The sound quality is solidly "$35 earbuds". They're not hyperintelligent Bose noise-canceling studio headphones. You are not going to master an album on these. On the other hand, they're pretty good earplugs -- that's how they stay in place. Any drivers with halfway decent bass response are going to sound pretty good when you jam them directly into your ear canals. The tannoy on the T sounds like the grown-ups in the Charlie Brown cartoons when I have them in, but the tannoy on the T sounds mostly like that when I have them out, too. The important part is that I can hear my music, and I cannot hear the conversation you're having on your speakerphone in the middle of the train car about that embarrassing medical condition, and that's all I care about.

The downside is that they are not especially robust, and they're too small to have any controls on the earbud itself. The ones with the linking wire have the charge port/battery/buttons on one bud and I'm pretty sure the Bluetooth module is in the other; these have to have a Bluetooth chip and battery in each earplug, which doesn't leave a lot of room for anything else, so the only control on the earbuds themselves is a single click button. One click on either bud for play/pause, and press-hold to turn them on or off individually. You have to do everything else on the actual widget that is streaming the audio. I know most people are already staring at their phones all the time, but mine doth not internet, so it's usually in my bag, and I have to dig it out to skip a song.

The earbuds have a very anxious-preoccupied attachment style with respect to the phone, and hate intervening walls, but I suspect I probably could have solved that issue by spending another $10 on them. In theory, they're Class III devices, which should have a range of about 10 meters, but in practice they're twitchy and have no real shielding, so if there's anything weird like power lines or catenary wires around, they get more like 5-10 feet. I shouldn't ever be farther from my bag than that, but still.

The most interesting glitch is one I didn't expect. Instead of both pairing with the device, one bud pairs with the device, then the second bud pairs with the first. If there's any lag at all -- because, I don't know, the impedance of my head has suddenly changed? -- the audio gets ever so slightly out of sync. Like, milliseconds. It's not noticeable at all with music, where the stereo field tends to be wide and the background very busy, but it makes audiobooks or podcasts sound odd.

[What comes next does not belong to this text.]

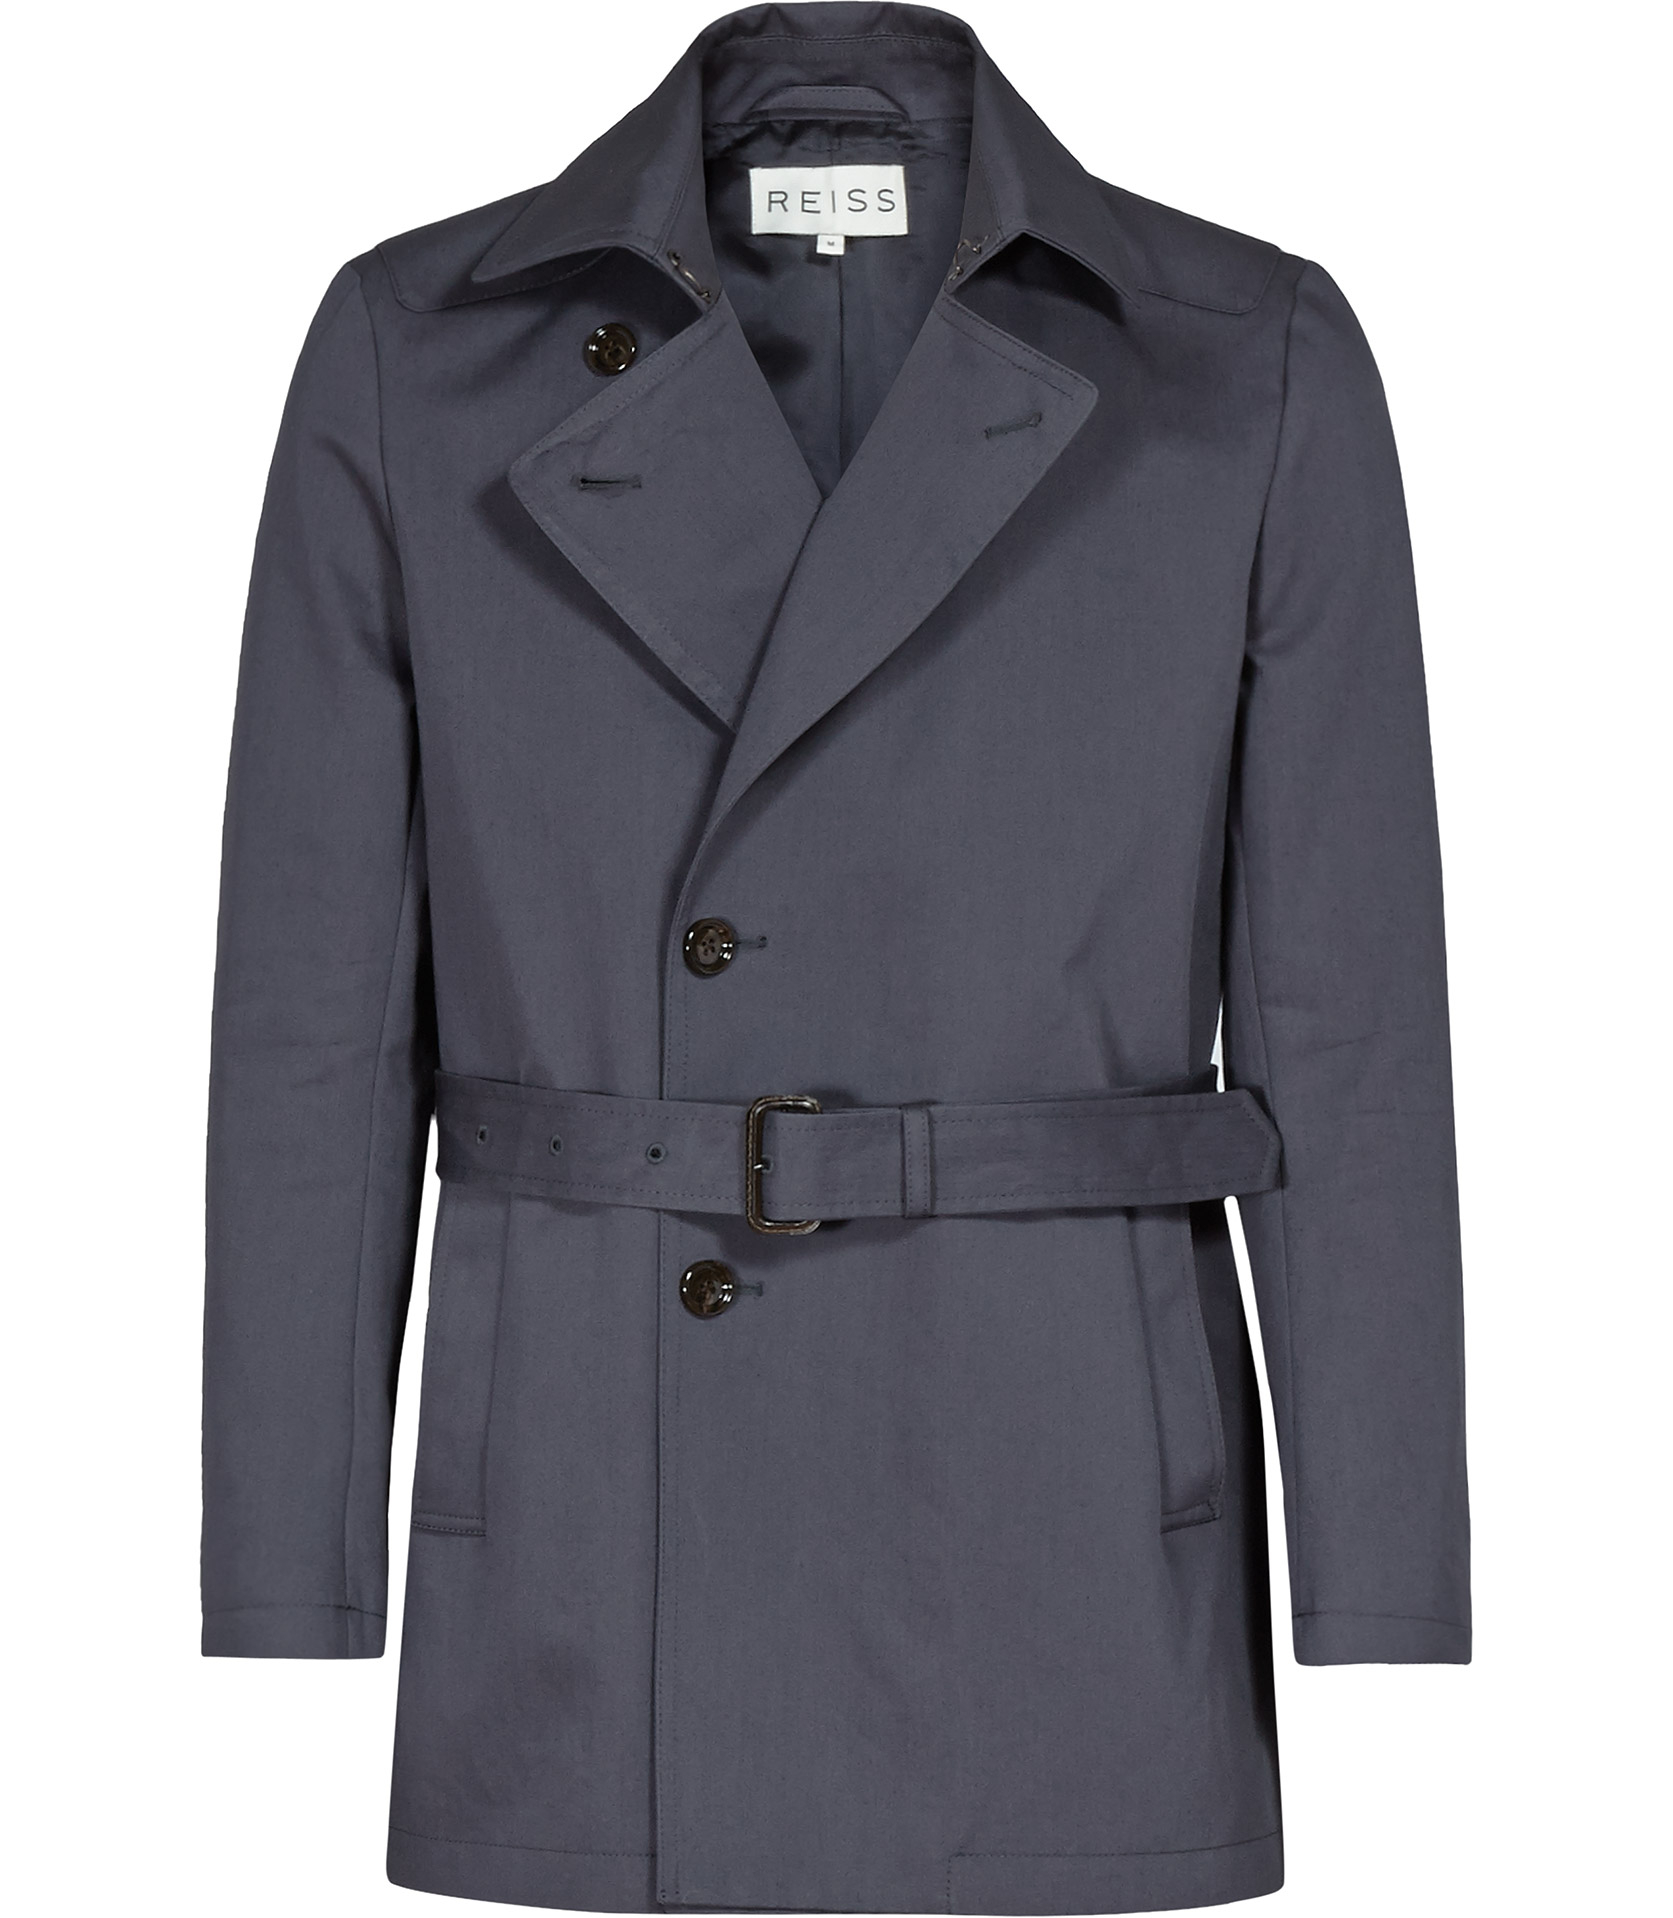 Reiss Sphere Belted Trench Coat in Blue for Men - Lyst

If it's not specifically done as a radio drama, voice-only things tend to be recorded as if they're mono, from a single mic with no spatial orientation, but mixed down as two identical stereo channels, because everything expects stereo nowadays and it's easier than trying to dig through the menus for that one weird setting. The result is a voice track that seems to originate from a source that's "nowhere"/somewhere the middle of your head. When the buds slip out of sync, the slight temporal shift effectively becomes a slight shift in stereo phase, which suddenly either makes the voice seem to have a physical location, or be coming simultaneously from a source on either side, depending on how long the delay is.

It's interesting on a technical level, but mildly annoying, so I've taken to just sticking one of the buds back into its case if I want to listen to podcasts. Which is what I do most of the time with the ones that hang around my neck anyway, so I can hear the stop announcements on the bus. Ain't technology grand?